/KiesKompas_PCA

PCA of parties pov for Dutch 2021 elections

Primary LanguagePython

KiesKompas_PCA

The "KiesKompas" is a favorite voting aid in Dutch electoral seasons. Based on 30 theses, political parties are stratified along two axes: "left/right" and "conservative/progressive". A voter gives his or her opinion on 30 theses, which places him or her somewhere in this space and the proximity to the different political parties then translates into a voting advise.

In the Netherlands parties are however very often distributed along the diagonal that runs from left and progressive down to right and conservative, with very little in the remaining quadrants (right and progressive and left and conservative, respectively).

To differentiate between the parties it might therefore be more interesting to do a simple Principal Component Analysis (PCA).

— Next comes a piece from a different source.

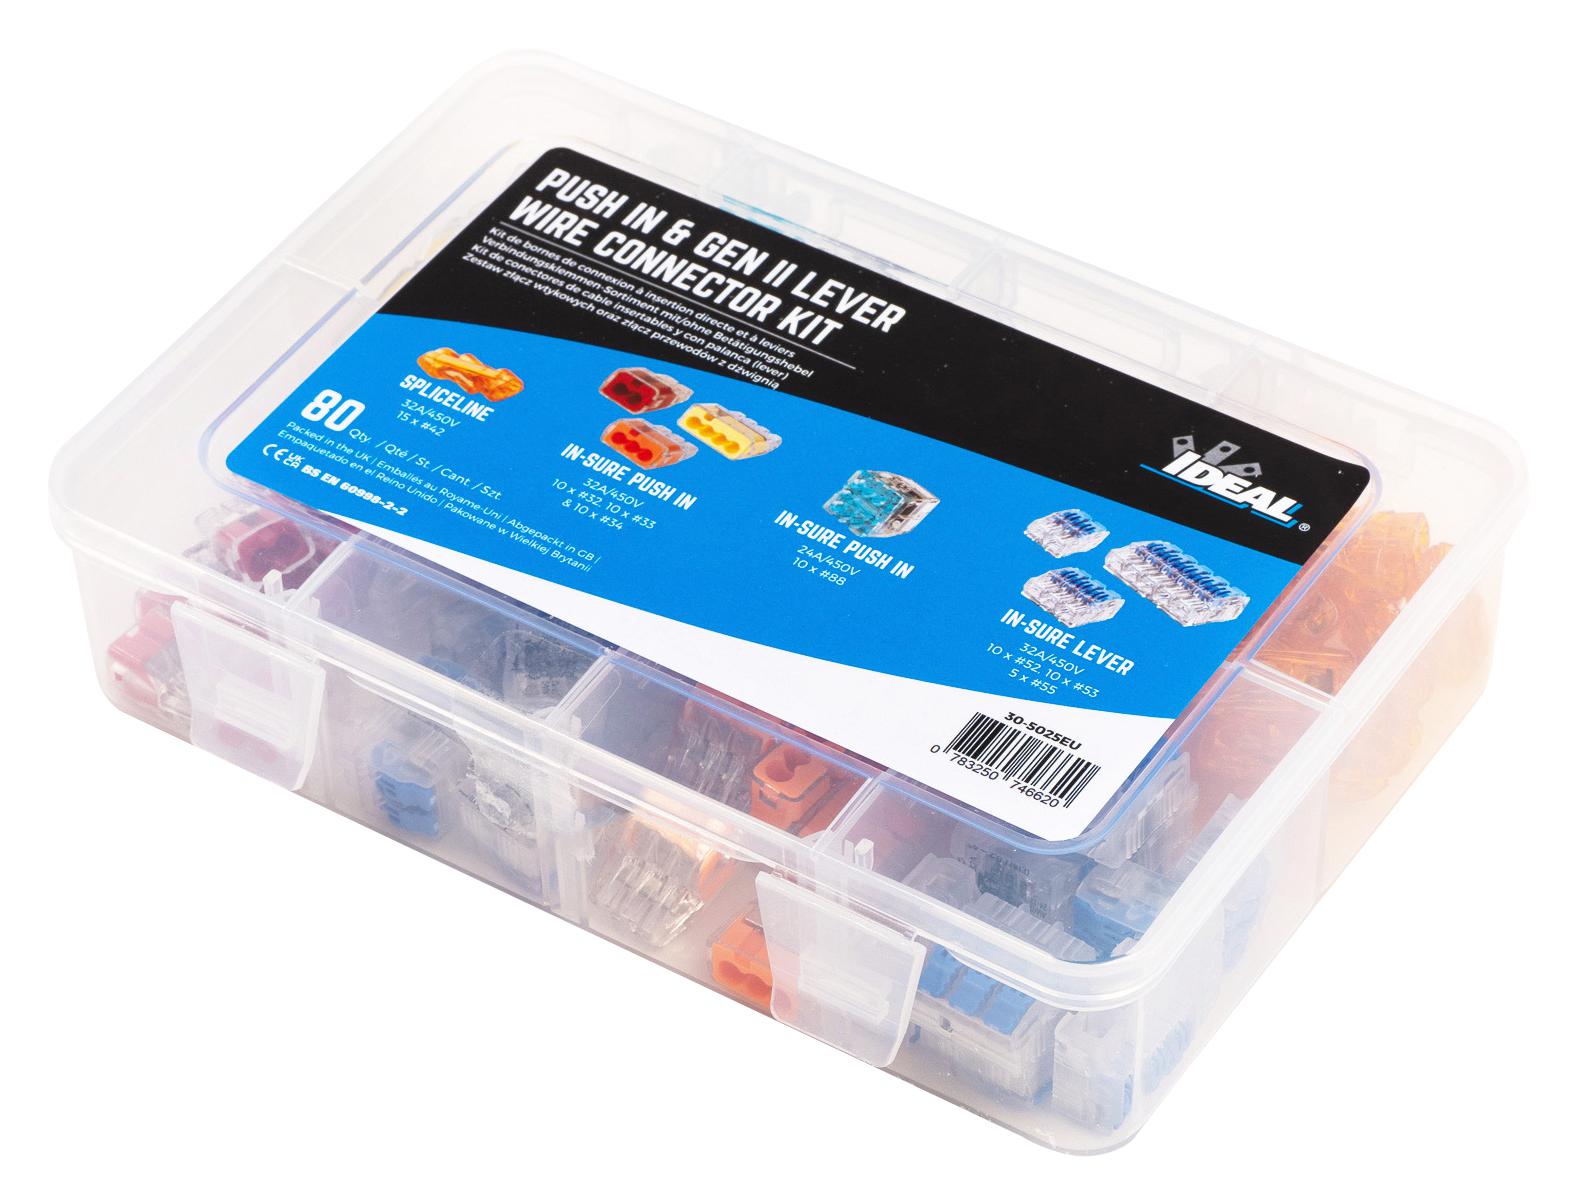 Ideal 30-5025Eu Connector Kit, Wire Connector, 80Pc

PCA is a way of reducing the dimensions of a high dimensional dataset while preserving (as much as possible) correlations present in the higher dimensions.

In this case, we work with a 30 dimensional space: 1 dimension for each thesis. The answers to each question can be anything from "very much agree", through "agree", "neutral" and "disagree", to "very much disagree". We will translate this into numerical values: 2, 1, 0, -1 and -2.

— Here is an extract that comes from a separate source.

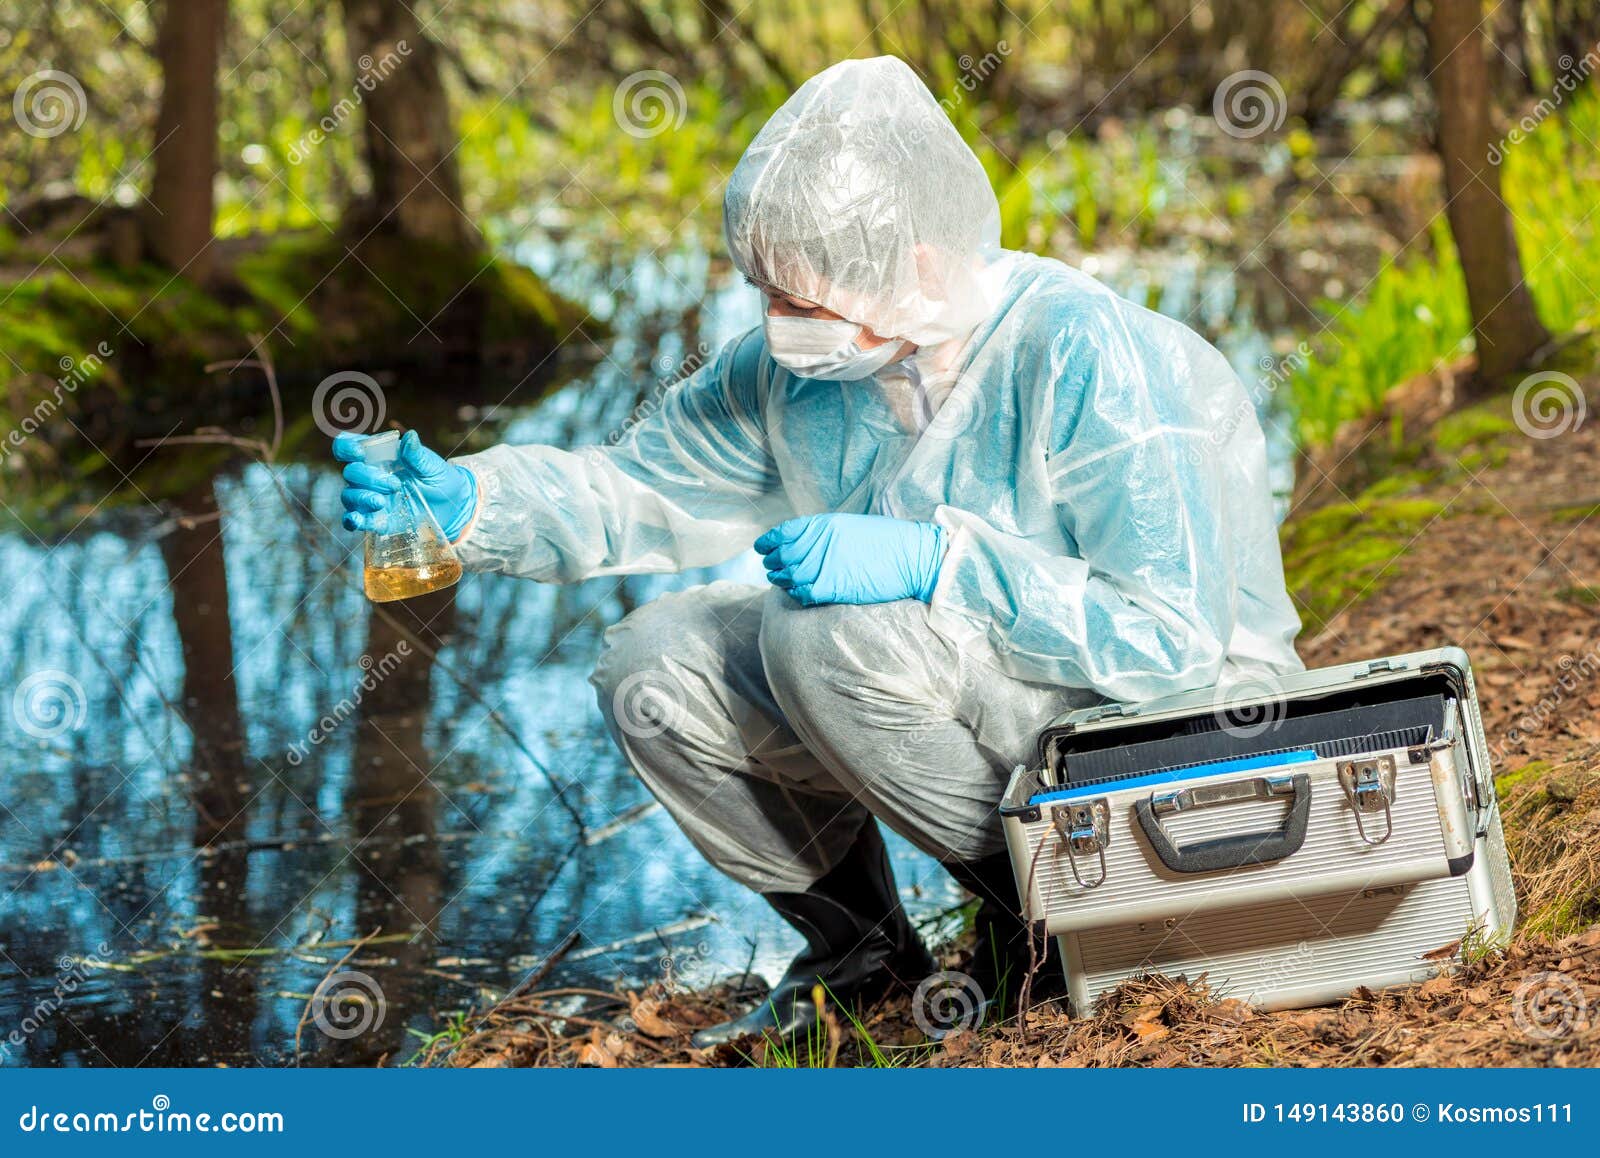 water sampling by an experienced ecologist

With PCA, we reduce this 30 dimensional space to a 2 dimensional space, which is shown below.

PCA of dutch political parties

For comparison, the 'classic' KiesKompas looks like this for the 2021 elections:

Classic KiesKompas

There are two other glaring issues with the KiesKompas. First, it ignores new parties as long as they don't reach 1 seat in the polls (almost 1% of the electorate), even though the effect of these voting aids can be significant (see http://griffiers.nl/files/vvgtest_csshtml_nl/4.%20Effecten%20van%20online%20stemhulpen.pdf)

The other is a centricity bias. There are many ways to end up in the center of the spectrum. In fact, you can vote completely opposite to a central party and still be advised to vote for them. Extreme parties, on the other hand, can only be reached in one way (in the most extreme case): voting in one direction and one direction only. Low-entropy configurations, in essence.

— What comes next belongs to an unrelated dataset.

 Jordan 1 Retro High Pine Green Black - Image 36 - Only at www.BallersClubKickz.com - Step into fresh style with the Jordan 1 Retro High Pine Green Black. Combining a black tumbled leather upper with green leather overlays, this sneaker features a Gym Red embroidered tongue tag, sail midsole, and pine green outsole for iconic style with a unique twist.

The code in this repo also explores this. It does this by taking the PCA from above, and applying an inverse transform on it. The inverse transform is then compared to the input (=the votes of the parties on the various topics). The standard deviation of this residual is a measure of how well we can project the answers (a 30 dimensional vector) from the principal components (a 2d vector). We can plot this against a measure of the centricity (in this case, the length of the vector in (PC1, PC2) space.

What we then see is that indeed the most central parties (lowest centricity) are the least predictable (largest spread in residuals ~ highest entropy).

Centricity vs entropy